-- GIVEN DATA --
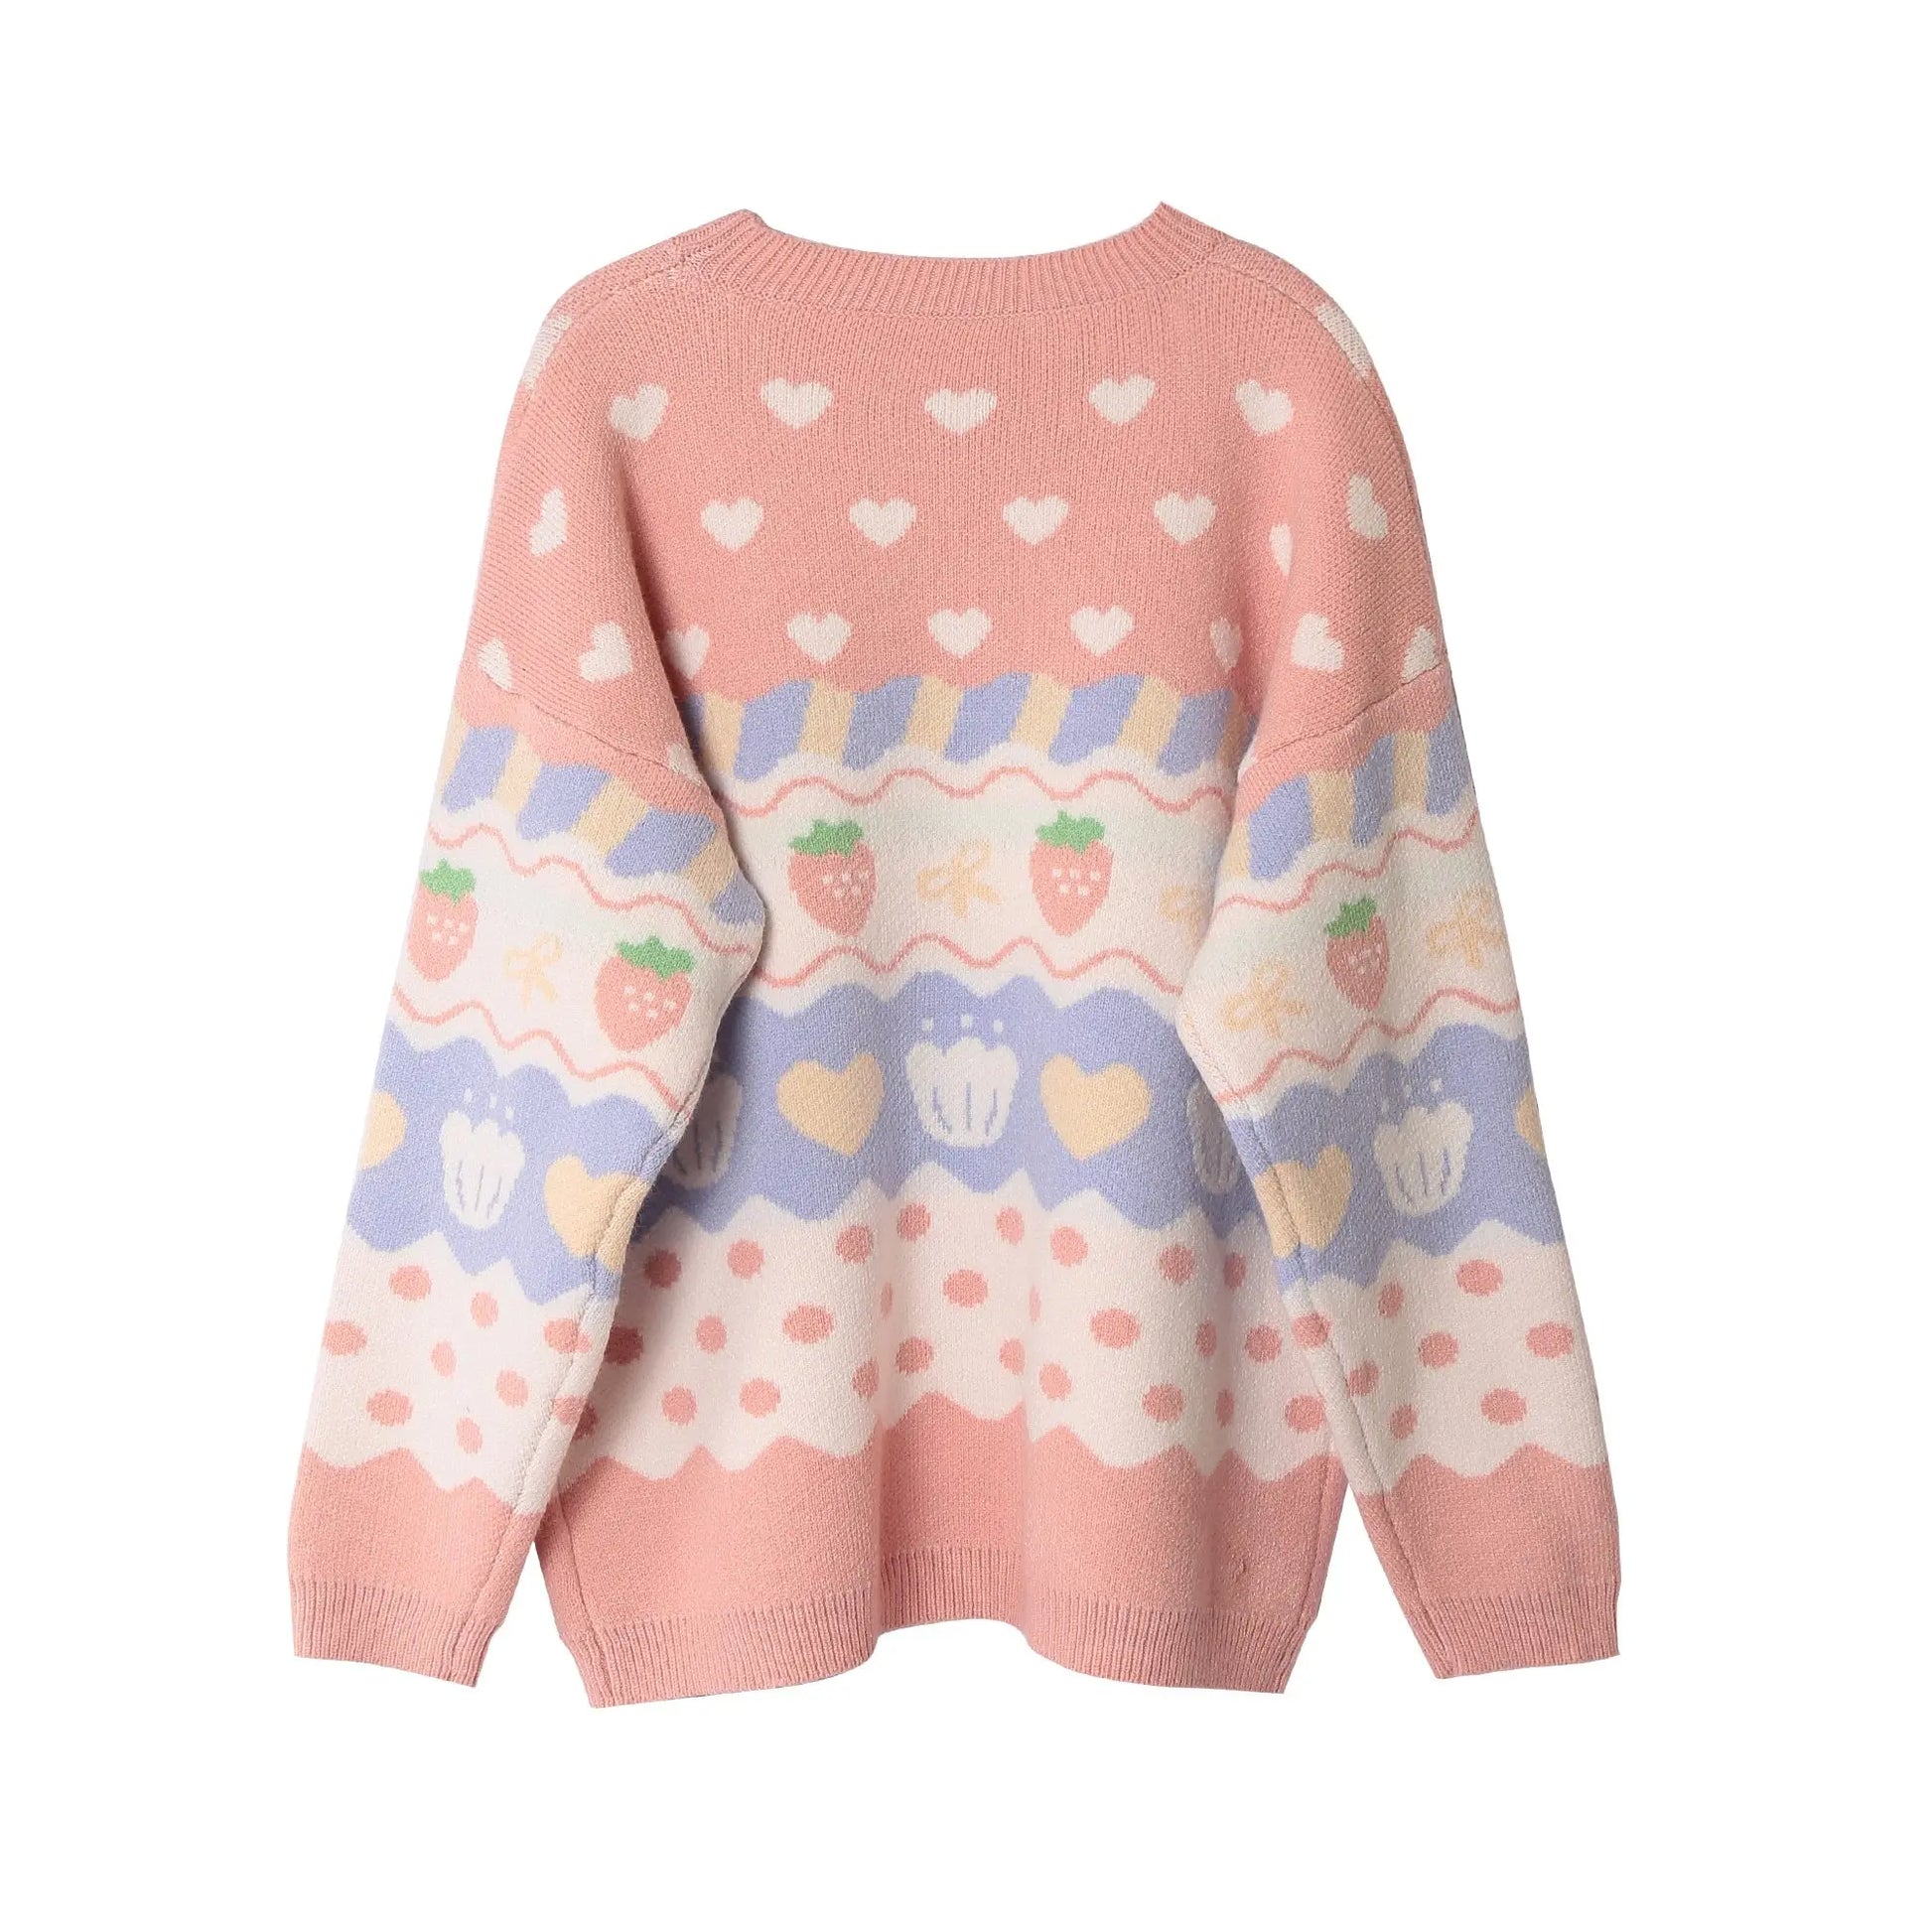 Kawaii Pink Strawberry Harajuku Sweater - Pink / One Size - Sweaters - Shirts & Tops - 6 - 2024
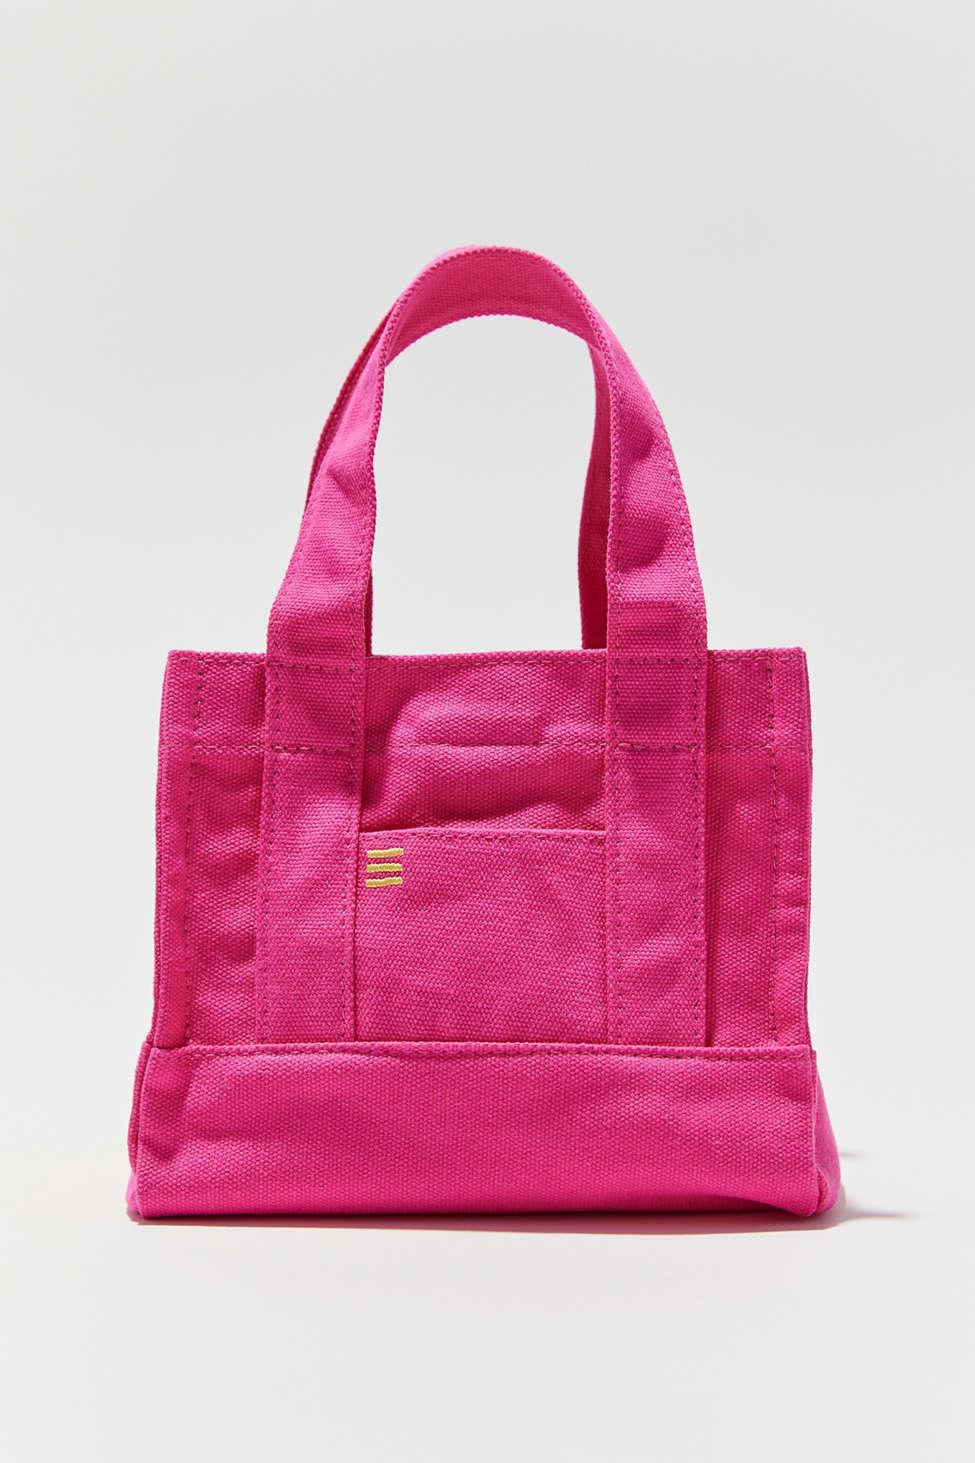 Acne Studios - Logo shoulder tote bag - Salmon pink
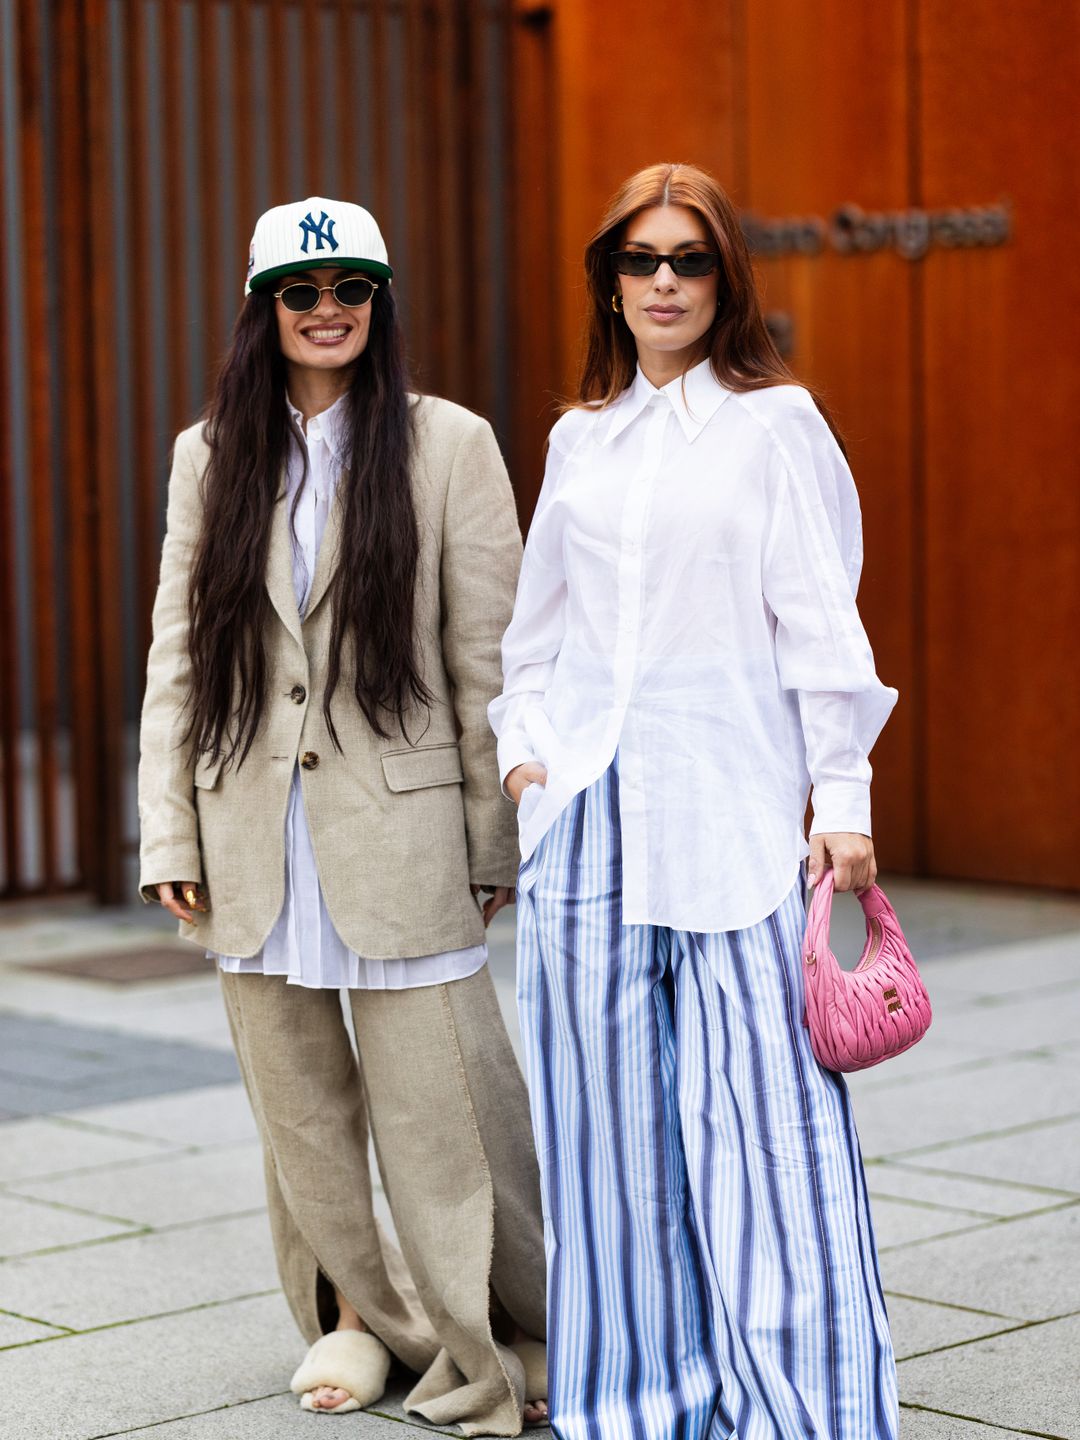 Fashion week guests wearing linen trousers

-- WHAT YOU ARE ASKED TO DO --
All lines from the one containing "Acne Studios - Logo" through the end of the data are to be written out exactly, with nothing added; skip the pictures.

-- FINAL ANSWER --
 Acne Studios - Logo shoulder tote bag - Salmon pink
 Fashion week guests wearing linen trousers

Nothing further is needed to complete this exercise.